*SUPPLIED INFORMATION:*
——

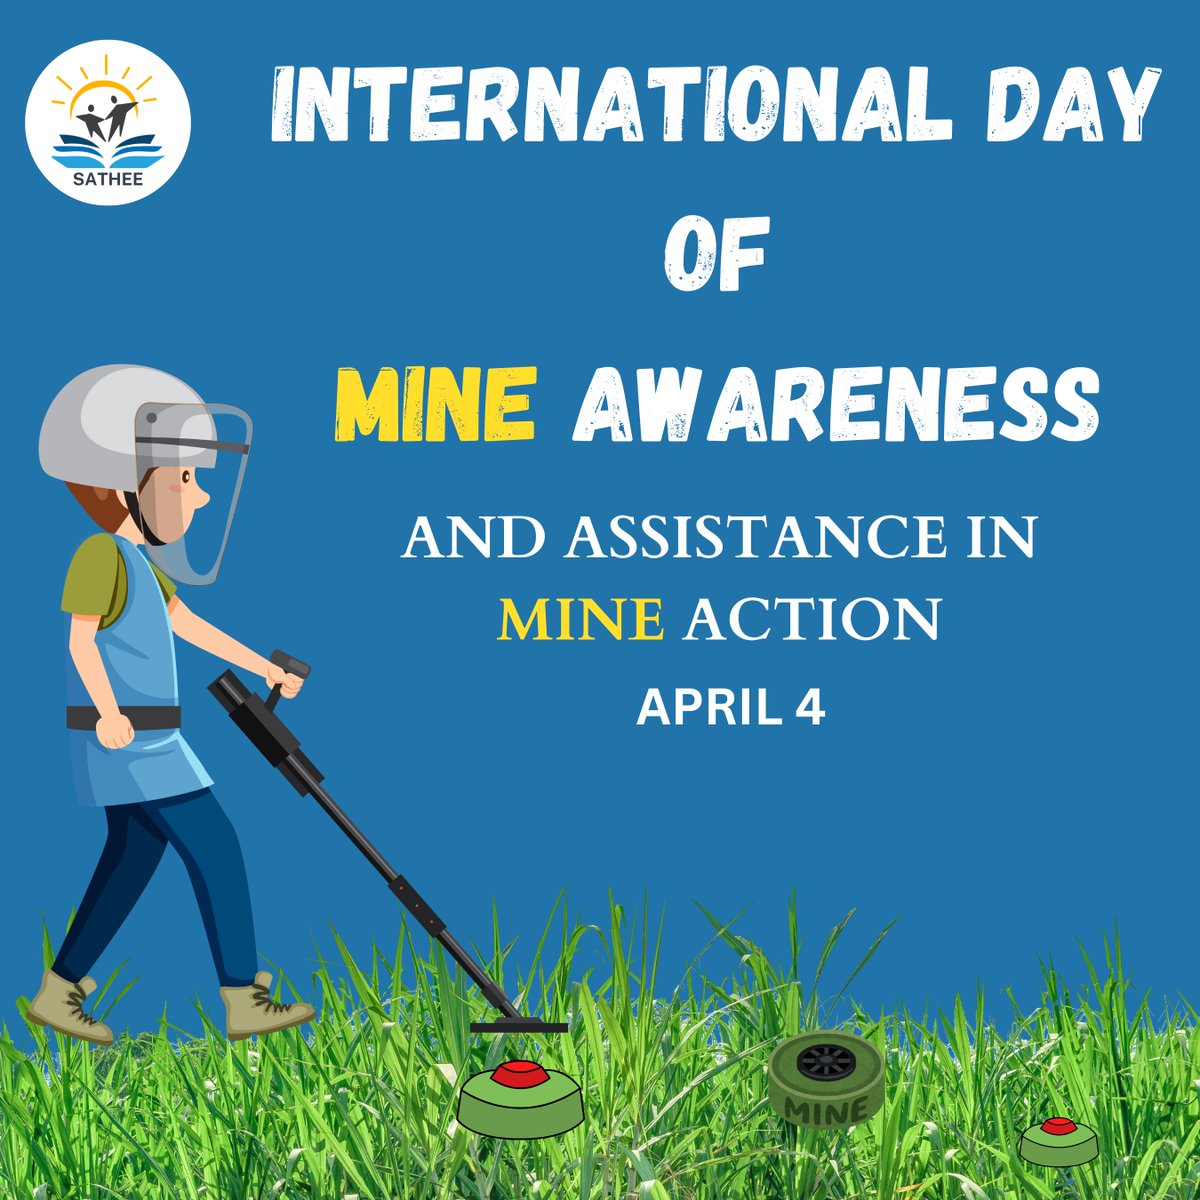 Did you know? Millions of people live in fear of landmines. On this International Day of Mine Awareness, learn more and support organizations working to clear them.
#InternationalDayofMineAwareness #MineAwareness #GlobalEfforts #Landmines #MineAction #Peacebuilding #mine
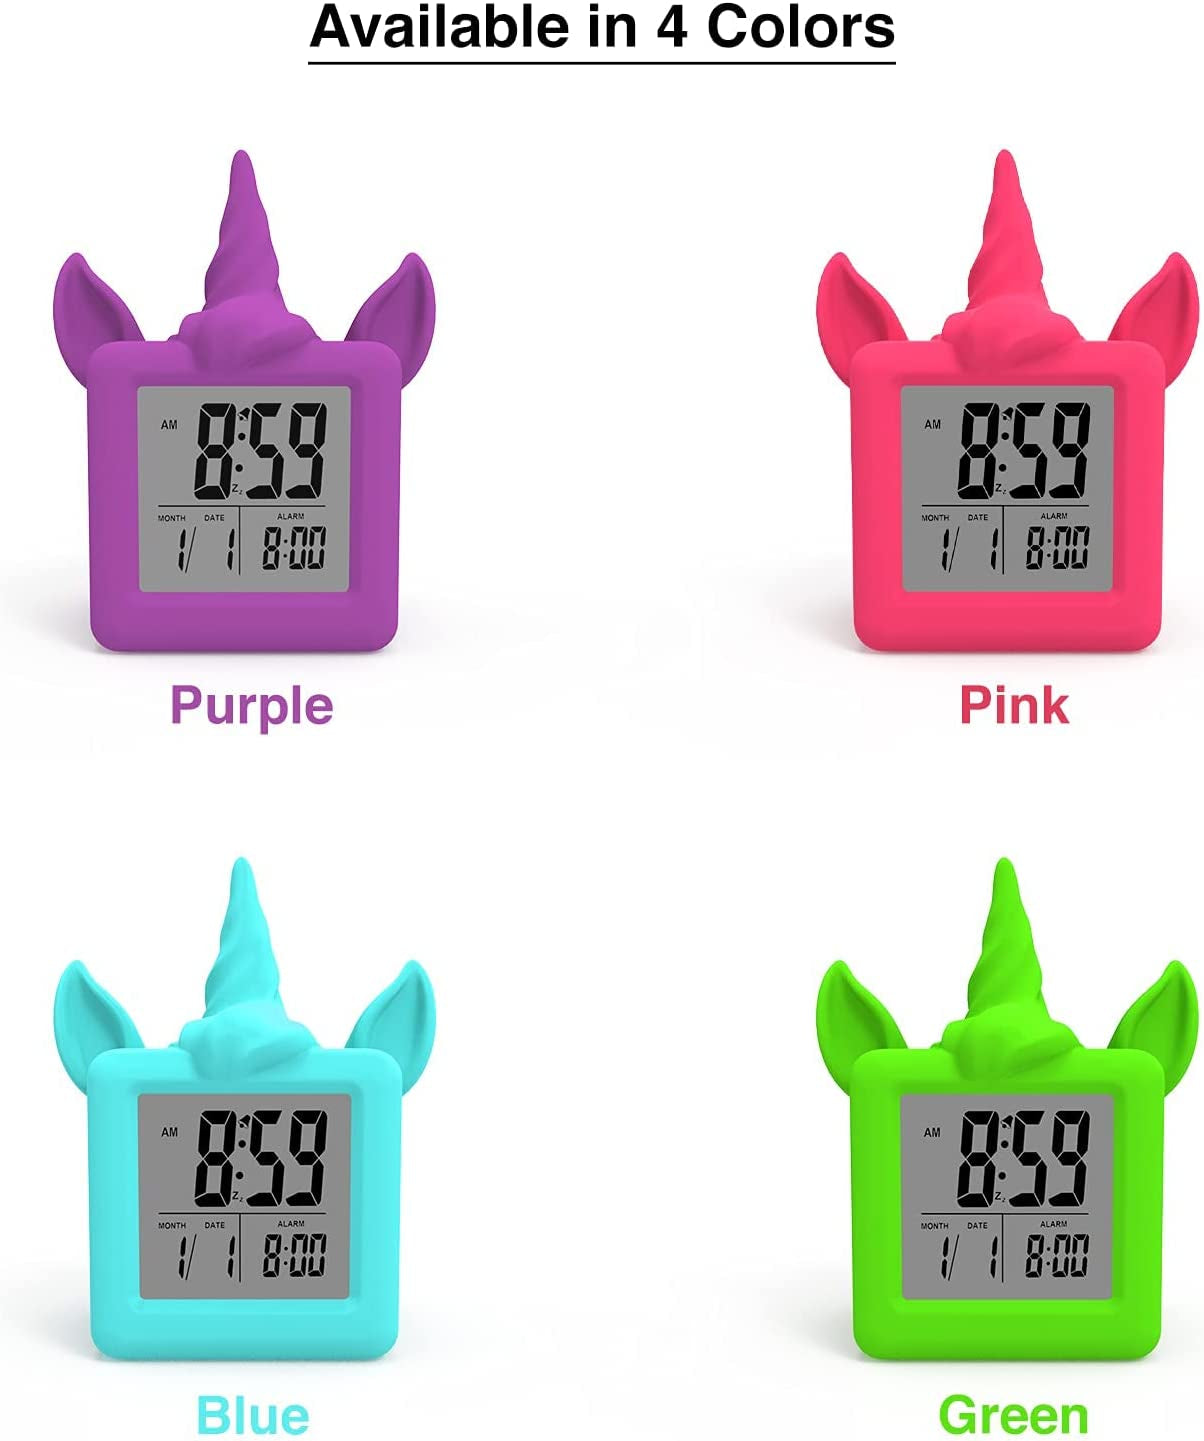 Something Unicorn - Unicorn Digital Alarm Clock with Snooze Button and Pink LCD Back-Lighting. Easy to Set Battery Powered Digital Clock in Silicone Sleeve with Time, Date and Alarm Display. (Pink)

——

*ACTIVITY:*
When you copy the lines above, drop the pictures and keep everything else exact.

*ANSWER BELOW:*
 Did you know? Millions of people live in fear of landmines. On this International Day of Mine Awareness, learn more and support organizations working to clear them.
#InternationalDayofMineAwareness #MineAwareness #GlobalEfforts #Landmines #MineAction #Peacebuilding #mine
 Something Unicorn - Unicorn Digital Alarm Clock with Snooze Button and Pink LCD Back-Lighting. Easy to Set Battery Powered Digital Clock in Silicone Sleeve with Time, Date and Alarm Display. (Pink)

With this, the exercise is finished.